Vegetable Hash with Fried Eggs

If you don’t have time to make this in the morning, make the hash a few days ahead, store it in the refrigerator, and then reheat it in a sauté pan or cast-iron skillet.

  • 2 tablespoons extra-Virgin olive oil
  • 1 medium yellow onion diced
  • 1 medium white or green cabbage diced
  • 1 organic red bell pepper, seeded and diced
  • 1 organic green bell pepper seeded and diced
  • 8 asparagus spears trimmed and cut into 1/4-inch pieces
  • 2 scallions thinly sliced
  • 1/2 teaspoon dried oregano
  • 1/2 teaspoon dried thyme
  • 1/2 teaspoon dried sage
  • 1/2 teaspoon sea salt
  • 1 pinch of freshly ground black pepper
  • 8 large omega-3 eggs
  • 1/2 ripe avocado pitted, peeled, and sliced, for garnish
  • 1 fresh basil or parsley chopped, for garnish
  1. Preheat the oven to 400 degrees. Heat the oil in a large oven-safe sauté pan or cast-iron skillet over medium heat for 30 seconds.
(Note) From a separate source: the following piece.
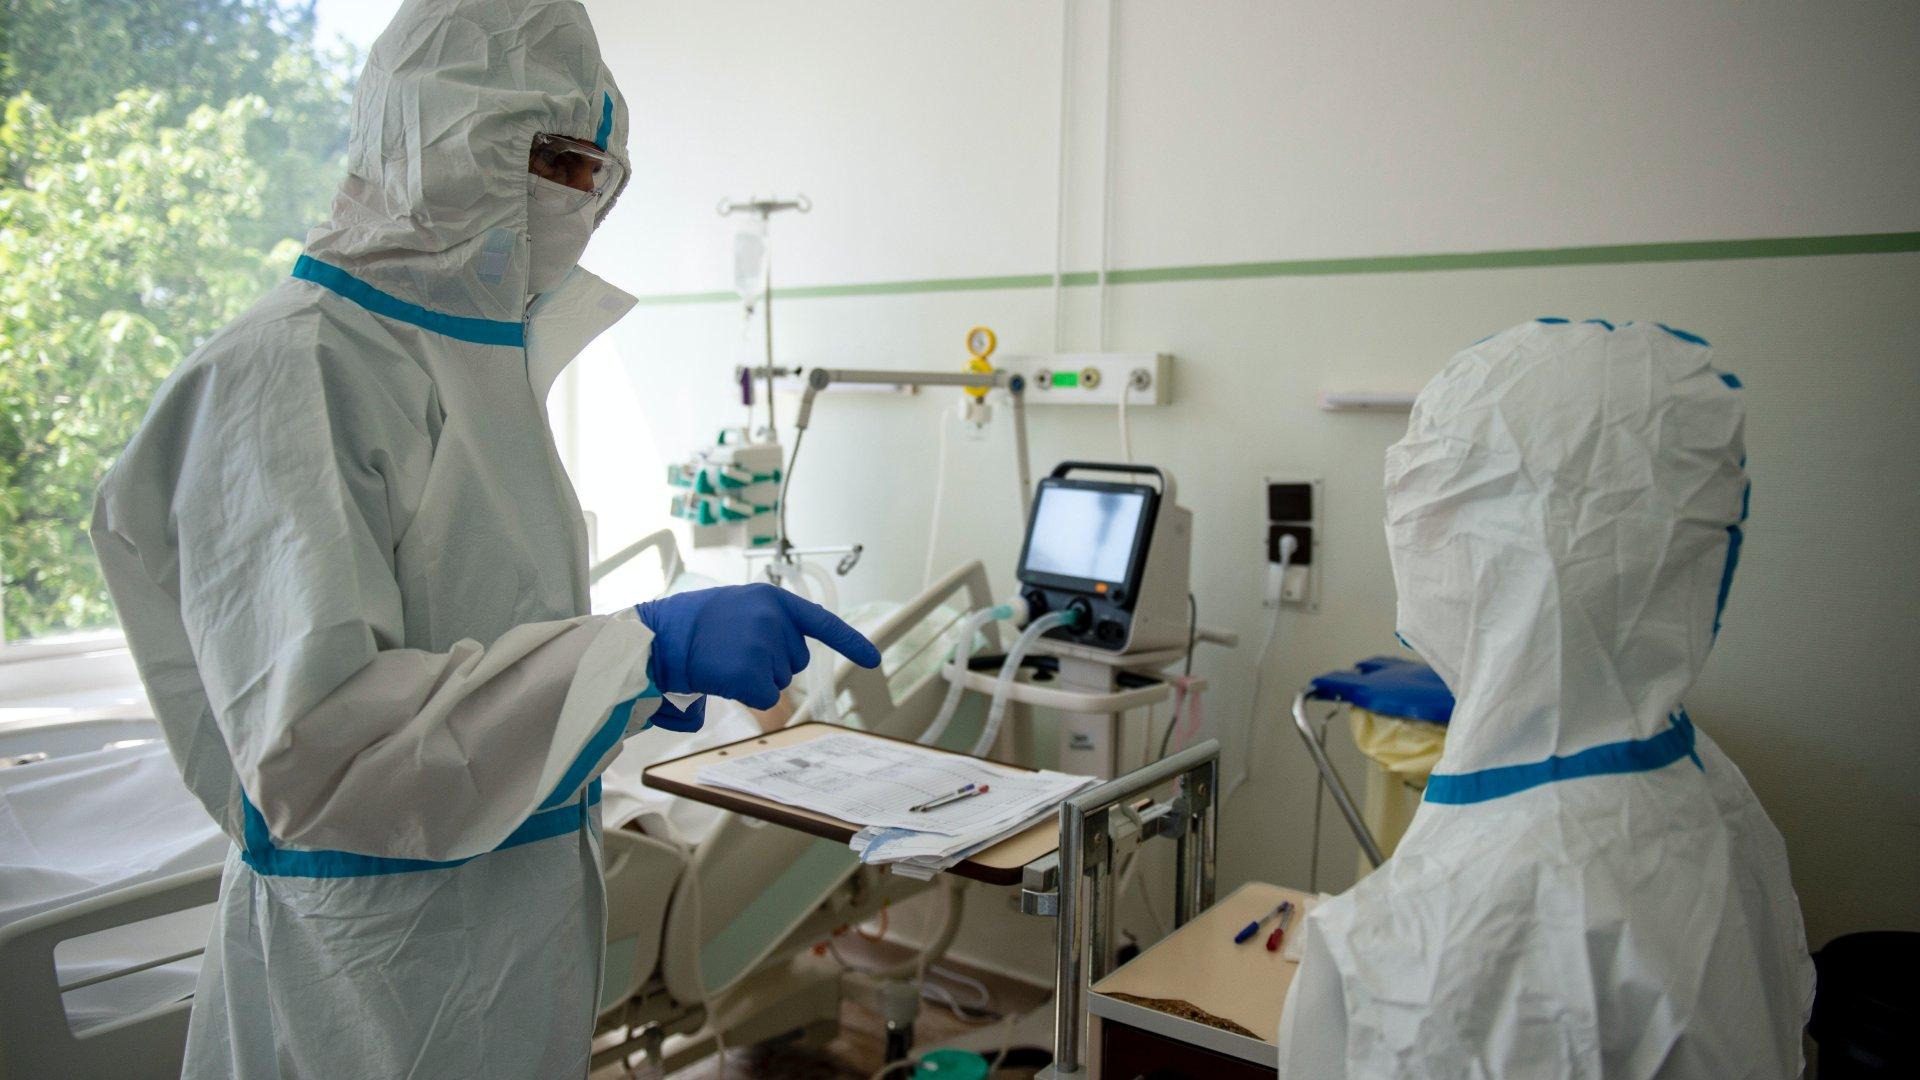 Koronavírus Korányi kórház

  2. Add the onion and sauté, stirring occasionally, until lightly caramelized and golden, 5 to 7 minutes.
  3. Add the cabbage and sauté until soft and golden, 7 to 8 minutes.
  4. Add the bell peppers and sauté until they begin to caramelize, about 5 minutes.
  5. Add the asparagus and scallions and cook for an additional 1 to 2 minutes, or just until the asparagus turns bright green.
  6. Season the vegetables with the dried herbs, salt, and black pepper.
  7. Make four small wells in the surface of the hash, each about the size of a lemon, and carefully break two eggs into each well.
  8. Place the pan in the oven and bake until the eggs are set, 5 to 7 minutes. (Alternatively, you can poach or fry the eggs, then serve them on individual plates of hash.)
  9. Garnish each egg with avocado and fresh herbs and serve.